I did eventually earn that invitation to the Olympic sculling camp, but turned it down when the Navy offered me an ultimatum—keep rowing or go to SEAL training; you can’t have both. I haven’t rowed competitively in long time—although, my oldest son just might bring me out of over two decades of rowing retirement!—but I’ve put that Irish Coach’s philosophy to work every chance I get. One place I find myself using it frequently is when I climb mountains. When I turned 40, mountain climbing became my new physical hobby. I like the idea of walking up something—I stress the word “walk”—running has never been my favorite exercise. While mountain climbing isn’t a race—at least not with the folks I climb with—it is very much like rowing. A simple repetitive motion (walking) that requires a high degree of suffering. Enter my coach’s philosophy. When you’re climbing a mountain or rowing in a race, you are faced with options regarding what you focus on.
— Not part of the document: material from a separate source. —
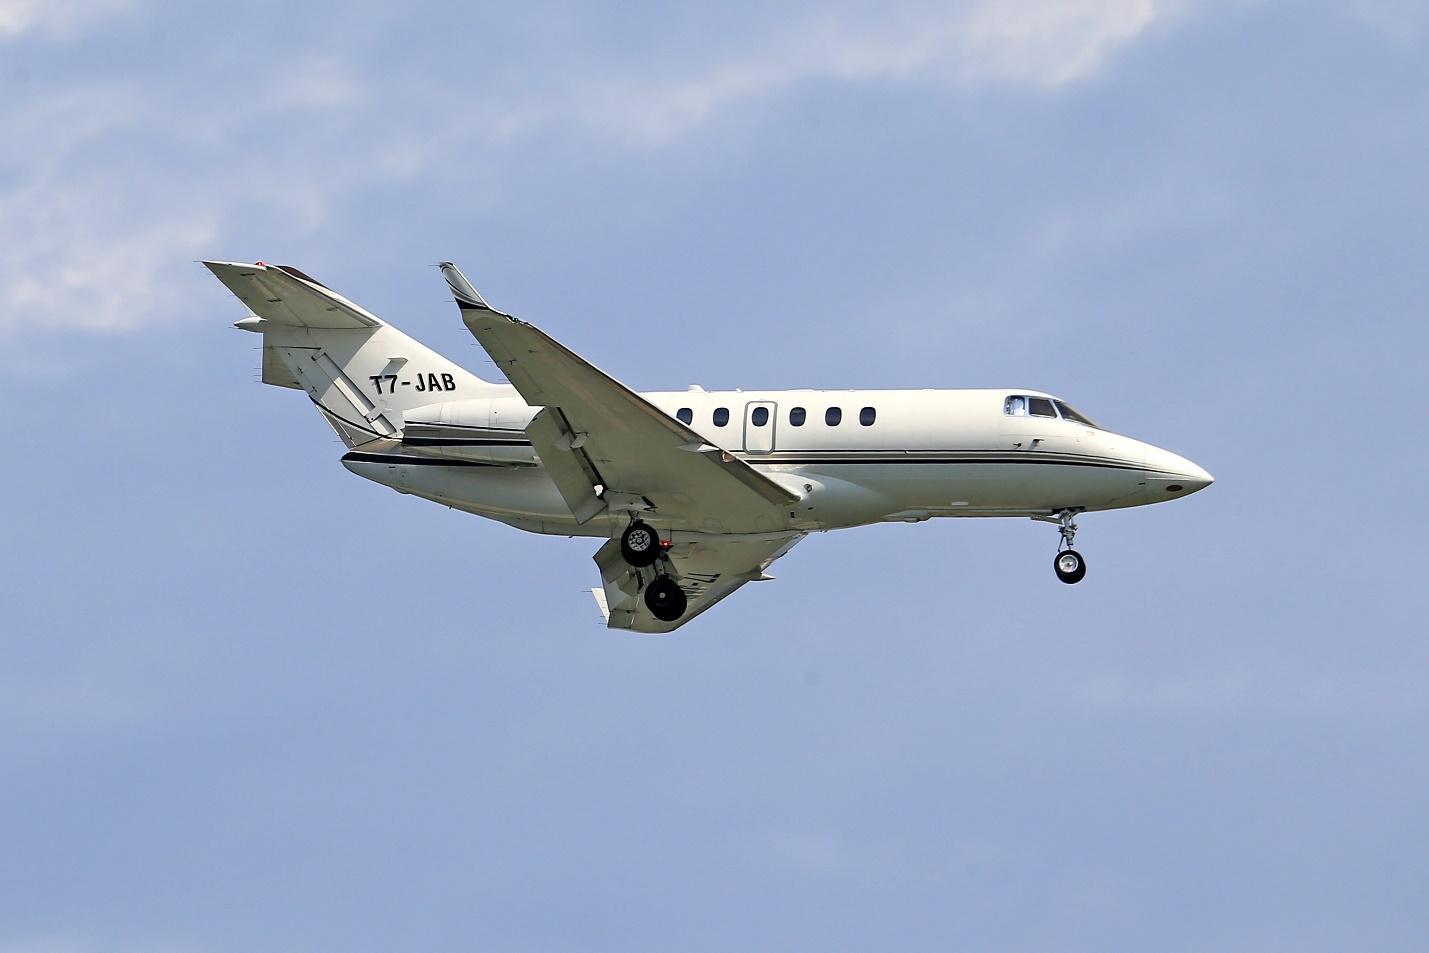 A flying private jet

In the beginning of either endeavor, it’s easy to focus on the movement itself, but as the exercise continues, the pain of exertion is like an increasingly demanding customer vying for your undivided attention. The problem is that the more you focus on the pain, the more you feel the pain—and that doesn’t help you win a race or climb a mountain. It’s during these moments when I force myself to recall the Irish twang of my rowing coach to “focus on goin’ fahstah.”
When I climbed Denali last spring, there were days of directing my focus to making my next step better than the last one. Had I focused on how heavy my pack weighed (up to 70 lbs), or how cold it was, or how out of breath I was, or how tired I was, then my pace would have slowed down and I would have slowed the team down as well. The same concept applies when you are “walking through the jungle” or when you’ve climbed out of the jungle and are starting the long arduous ascent toward summiting your goal. If it’s a really big goal like any really big mountain such as Denali, you’ll be climbing for quite some time before you can even see the summit. On Denali, 13 days passed before we saw the summit—in fact, we did not see the summit until 120 minutes prior to actually reaching it! Conquering your goal requires steadfast focus on the actions that will help you achieve it. One of the most important habits you can create is the habit of filtering your focus to those actions that help you—for there are so many other actions than can hinder you. It doesn’t matter which proverbial mountain you chose to climb this year—every one comes with plenty of distractions to slow you down, and we all know “slowah” doesn’t win races. Keep your focus on going All in—picking those actions that help you move forward—it may not seem like you’re always making much progress, but even a millimeter forward is still forward progress.